For those who don't know, a wave of (heavily under-reported) strikes organized online by teachers has been sweeping across the U.S. over the last couple months. The first strike wave took place in West Virginia, which won a number of concessions from the state government, inspiring teachers in Oklahoma and now Arizona to join in as well as, to lesser degrees, those in Kentucky and Colorado as well. Educators in these states typically have to work multiple jobs to make ends meet and are saddled with oversized classes, a shortage of textbooks, and frankly a shortage of other teachers because nobody wants the job due to the conditions. In Oklahoma, some 20% of the schools have resorted to four-day school weeks due to funding shortages, which of course only further elevates the burden on teachers. Many schools across these states have even ceased to use heating and air conditioning to save money.

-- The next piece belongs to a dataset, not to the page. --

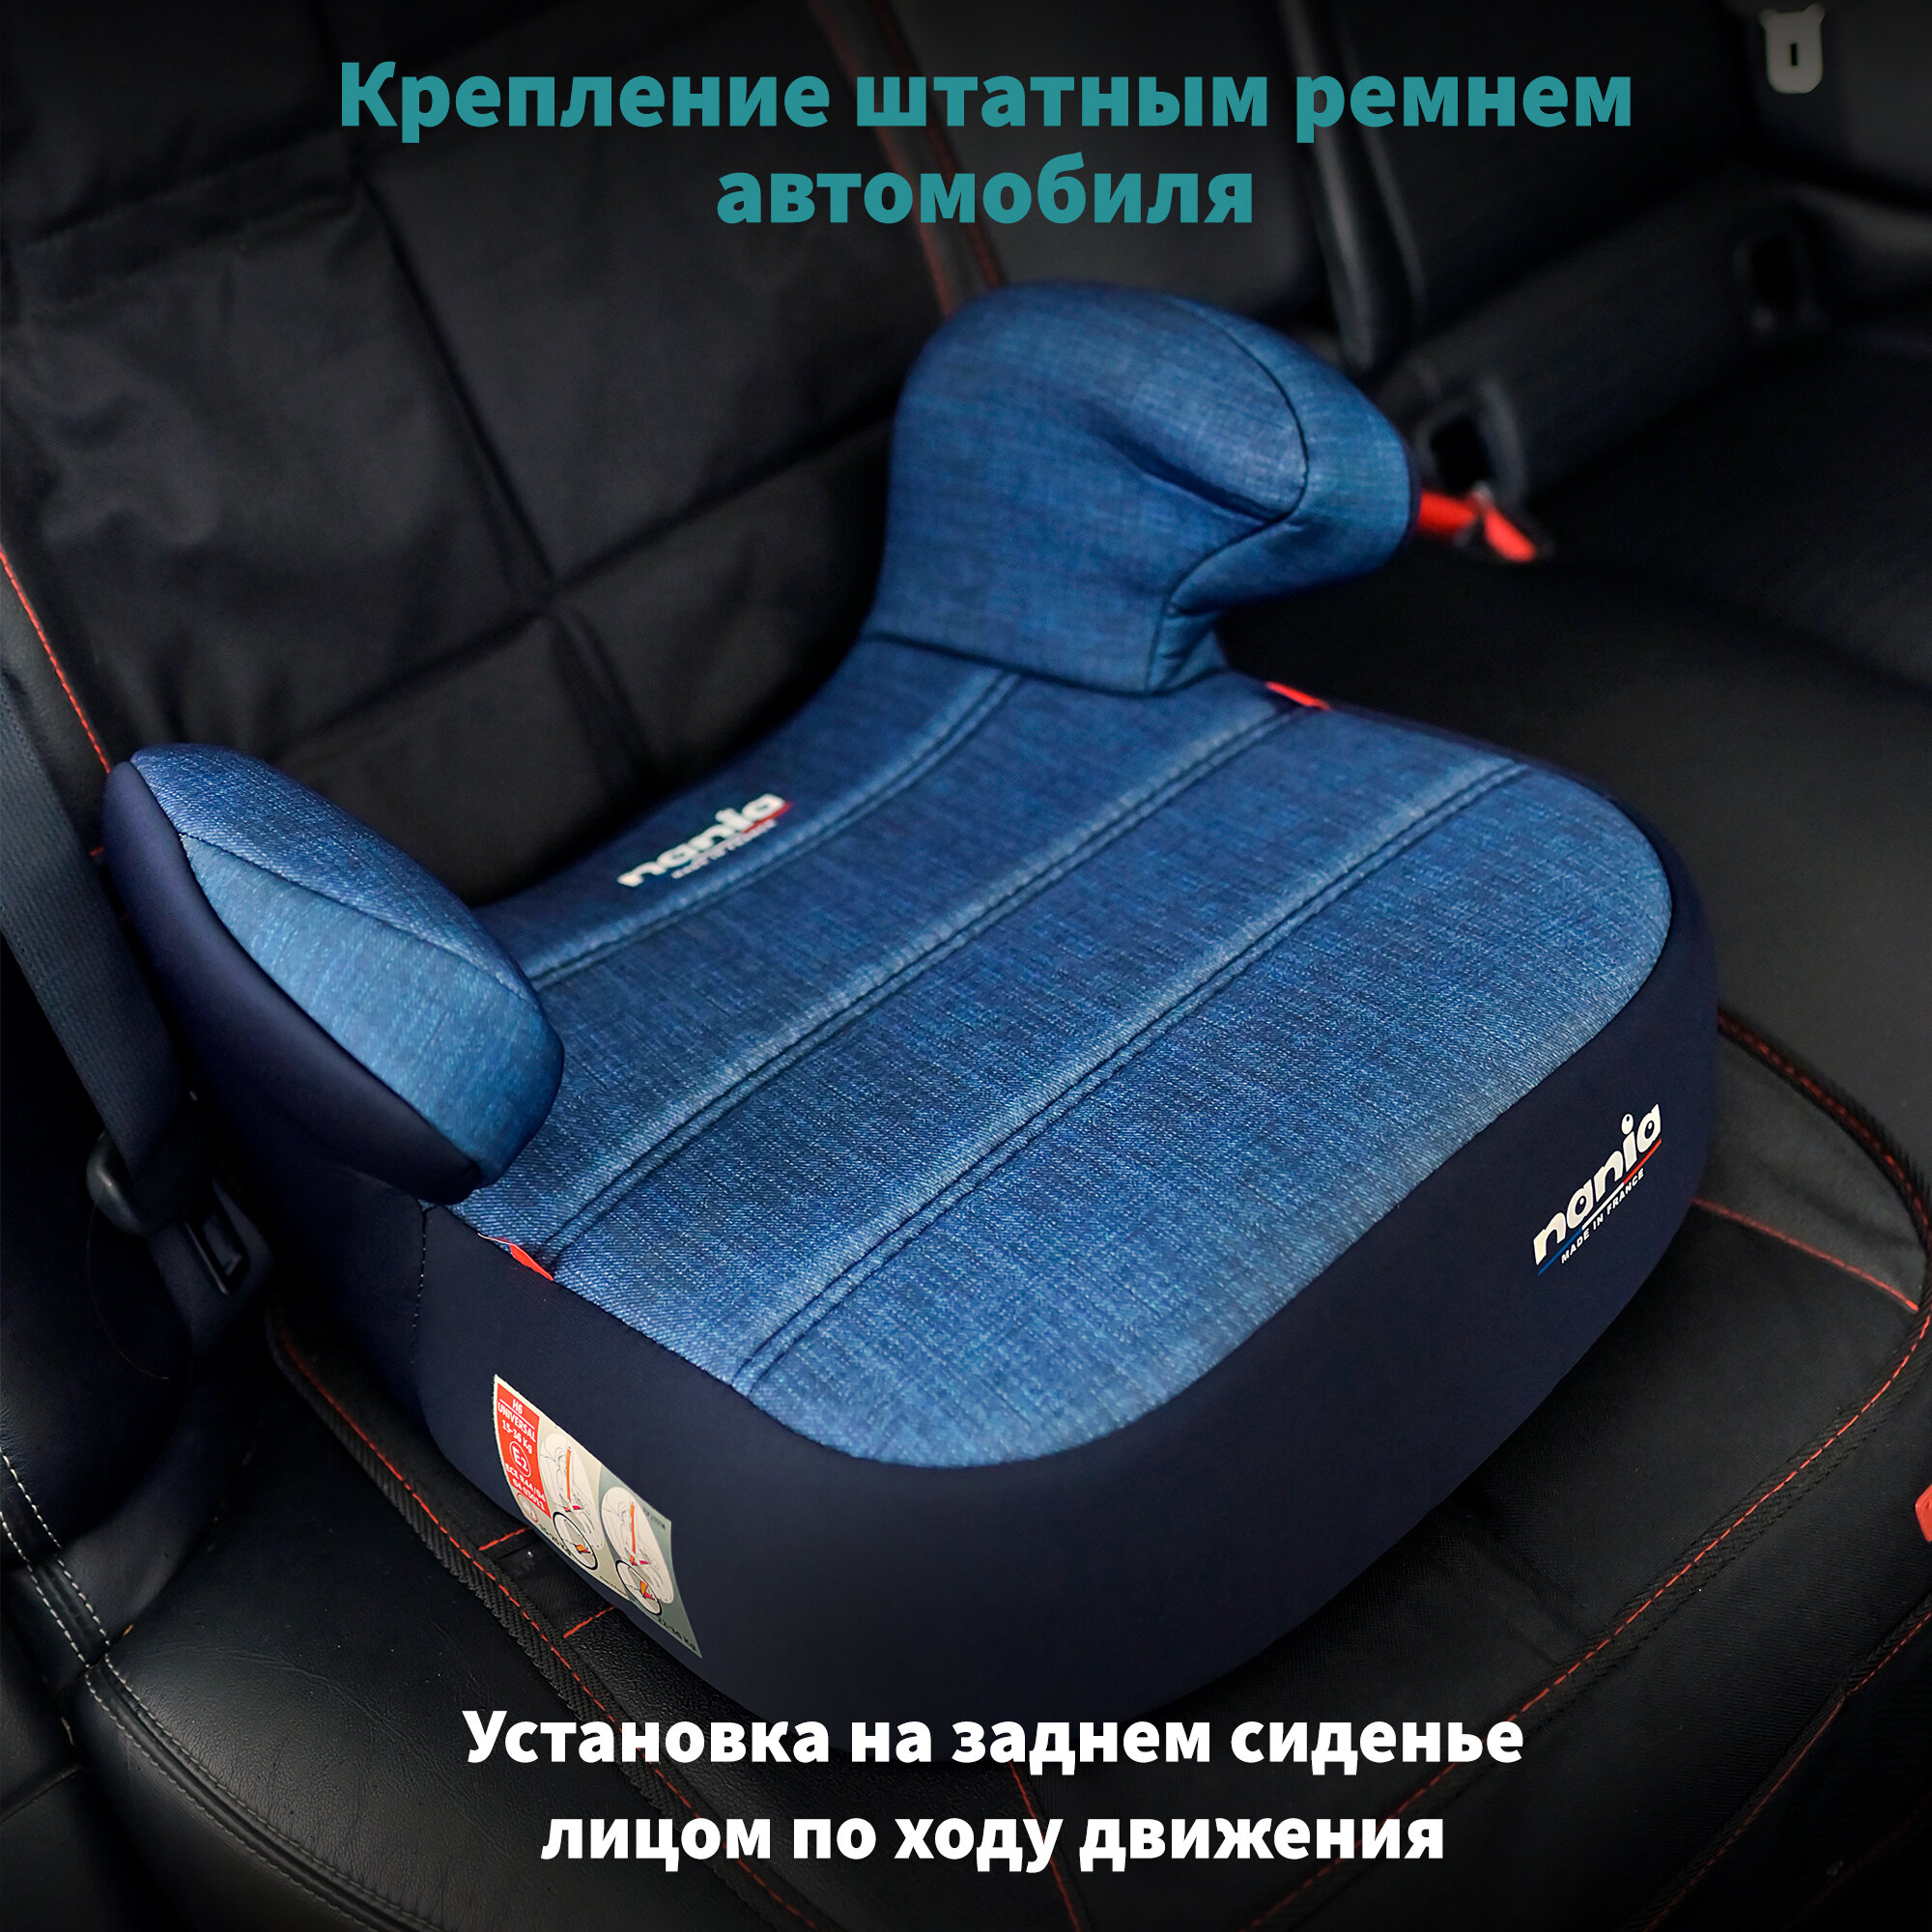 Детское автокресло - бустер автомобильный NANIA DREAM Denim Luxe Blue от 6 до 12 лет 15-36 кг группа 2/3 синий

These strikes demand substantial increases in pay for teachers and other school staff, as well as the restoration of pre-recession funding levels and an end to the privatization of public schools that is being advanced by the Trump Administration and supported by state governments (most aggressively by the Republican-controlled ones).
These actions have been organized by teachers themselves online, not called by their unions. In that connection, the World Socialist Web Site has, in their coverage, made what I think is an important point about the role of the National Education Association and the American Federation of Teachers -- the main teacher unions -- in this struggle:
"In order to carry their struggle forward, teachers in Arizona and Colorado must learn the lessons of the West Virginia and Oklahoma strikes. In each case, the unions sought to isolate the struggle and redirect it behind voting for Democrats in the mid-term elections.
The unions see it as their task to ensure “labor peace.” In a comment to the Washington Post, the president of the American Federation of Teachers, Randi Weingarten ($500,000/year salary), wrote that if the unions are weakened struggles like that in West Virginia “will be multiplied and magnified across the country.”
It is no coincidence that the teachers’ struggle has broken out first in states where the unions have less of a stranglehold. In Arizona, a state with over 50,000 teachers, the Arizona Education Association has fewer than 20,000 members."
Unions in this country serve the opposite of their official role anymore. They exist much more to contain and undermine labor actions rather than to represent and advance the interests of the workers they purport to represent. From fast food strikes to these, there are more labor actions happening in this country right now among non-union workers than among those who have unions.
I'm of the persuasion that schools should be public property, funded equally and well (not shortchanged to pay for unnecessary subsidies for industries like oil and natural gas), and run by the teachers who work there and know their students and their individual needs rather than by administrative staff that doesn't.
So anyway, do you consider yourself a supporter of these strike actions?